------ Dataset
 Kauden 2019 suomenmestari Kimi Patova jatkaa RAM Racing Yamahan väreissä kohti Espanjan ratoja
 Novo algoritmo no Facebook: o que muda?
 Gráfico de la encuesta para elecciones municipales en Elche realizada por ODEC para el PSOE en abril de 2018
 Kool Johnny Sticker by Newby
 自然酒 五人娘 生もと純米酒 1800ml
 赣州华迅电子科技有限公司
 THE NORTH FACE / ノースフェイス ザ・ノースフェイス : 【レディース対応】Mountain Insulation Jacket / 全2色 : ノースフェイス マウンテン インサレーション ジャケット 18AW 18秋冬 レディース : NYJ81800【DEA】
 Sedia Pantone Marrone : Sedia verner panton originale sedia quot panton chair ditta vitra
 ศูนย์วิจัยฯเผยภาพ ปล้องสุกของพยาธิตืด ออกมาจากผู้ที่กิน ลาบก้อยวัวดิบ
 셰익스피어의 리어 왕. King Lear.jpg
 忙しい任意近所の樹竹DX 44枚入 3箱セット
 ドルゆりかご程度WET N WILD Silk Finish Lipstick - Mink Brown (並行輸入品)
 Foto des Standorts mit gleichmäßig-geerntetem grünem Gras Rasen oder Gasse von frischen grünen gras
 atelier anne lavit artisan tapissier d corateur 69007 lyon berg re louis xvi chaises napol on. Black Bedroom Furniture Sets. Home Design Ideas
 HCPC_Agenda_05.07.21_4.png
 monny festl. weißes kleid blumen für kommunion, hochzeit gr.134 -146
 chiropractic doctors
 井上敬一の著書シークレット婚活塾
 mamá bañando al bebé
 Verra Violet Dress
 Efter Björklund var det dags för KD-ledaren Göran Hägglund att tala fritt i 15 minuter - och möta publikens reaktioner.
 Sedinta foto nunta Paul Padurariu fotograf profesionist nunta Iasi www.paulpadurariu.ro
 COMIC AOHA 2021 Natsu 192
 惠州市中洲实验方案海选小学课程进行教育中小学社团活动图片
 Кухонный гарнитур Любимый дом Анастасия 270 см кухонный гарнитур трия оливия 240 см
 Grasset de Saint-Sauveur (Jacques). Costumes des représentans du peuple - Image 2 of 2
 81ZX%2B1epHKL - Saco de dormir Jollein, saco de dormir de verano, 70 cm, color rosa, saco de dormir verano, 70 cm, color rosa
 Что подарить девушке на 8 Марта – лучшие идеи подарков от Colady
------------
_Action item:_ Beginning with the opening line and ending with the final one, transcribe the material exactly.

_Task output:_
 Kauden 2019 suomenmestari Kimi Patova jatkaa RAM Racing Yamahan väreissä kohti Espanjan ratoja
 Novo algoritmo no Facebook: o que muda?
 Gráfico de la encuesta para elecciones municipales en Elche realizada por ODEC para el PSOE en abril de 2018
 Kool Johnny Sticker by Newby
 自然酒 五人娘 生もと純米酒 1800ml
 赣州华迅电子科技有限公司
 THE NORTH FACE / ノースフェイス ザ・ノースフェイス : 【レディース対応】Mountain Insulation Jacket / 全2色 : ノースフェイス マウンテン インサレーション ジャケット 18AW 18秋冬 レディース : NYJ81800【DEA】
 Sedia Pantone Marrone : Sedia verner panton originale sedia quot panton chair ditta vitra
 ศูนย์วิจัยฯเผยภาพ ปล้องสุกของพยาธิตืด ออกมาจากผู้ที่กิน ลาบก้อยวัวดิบ
 셰익스피어의 리어 왕. King Lear.jpg
 忙しい任意近所の樹竹DX 44枚入 3箱セット
 ドルゆりかご程度WET N WILD Silk Finish Lipstick - Mink Brown (並行輸入品)
 Foto des Standorts mit gleichmäßig-geerntetem grünem Gras Rasen oder Gasse von frischen grünen gras
 atelier anne lavit artisan tapissier d corateur 69007 lyon berg re louis xvi chaises napol on. Black Bedroom Furniture Sets. Home Design Ideas
 HCPC_Agenda_05.07.21_4.png
 monny festl. weißes kleid blumen für kommunion, hochzeit gr.134 -146
 chiropractic doctors
 井上敬一の著書シークレット婚活塾
 mamá bañando al bebé
 Verra Violet Dress
 Efter Björklund var det dags för KD-ledaren Göran Hägglund att tala fritt i 15 minuter - och möta publikens reaktioner.
 Sedinta foto nunta Paul Padurariu fotograf profesionist nunta Iasi www.paulpadurariu.ro
 COMIC AOHA 2021 Natsu 192
 惠州市中洲实验方案海选小学课程进行教育中小学社团活动图片
 Кухонный гарнитур Любимый дом Анастасия 270 см кухонный гарнитур трия оливия 240 см
 Grasset de Saint-Sauveur (Jacques). Costumes des représentans du peuple - Image 2 of 2
 81ZX%2B1epHKL - Saco de dormir Jollein, saco de dormir de verano, 70 cm, color rosa, saco de dormir verano, 70 cm, color rosa
 Что подарить девушке на 8 Марта – лучшие идеи подарков от Colady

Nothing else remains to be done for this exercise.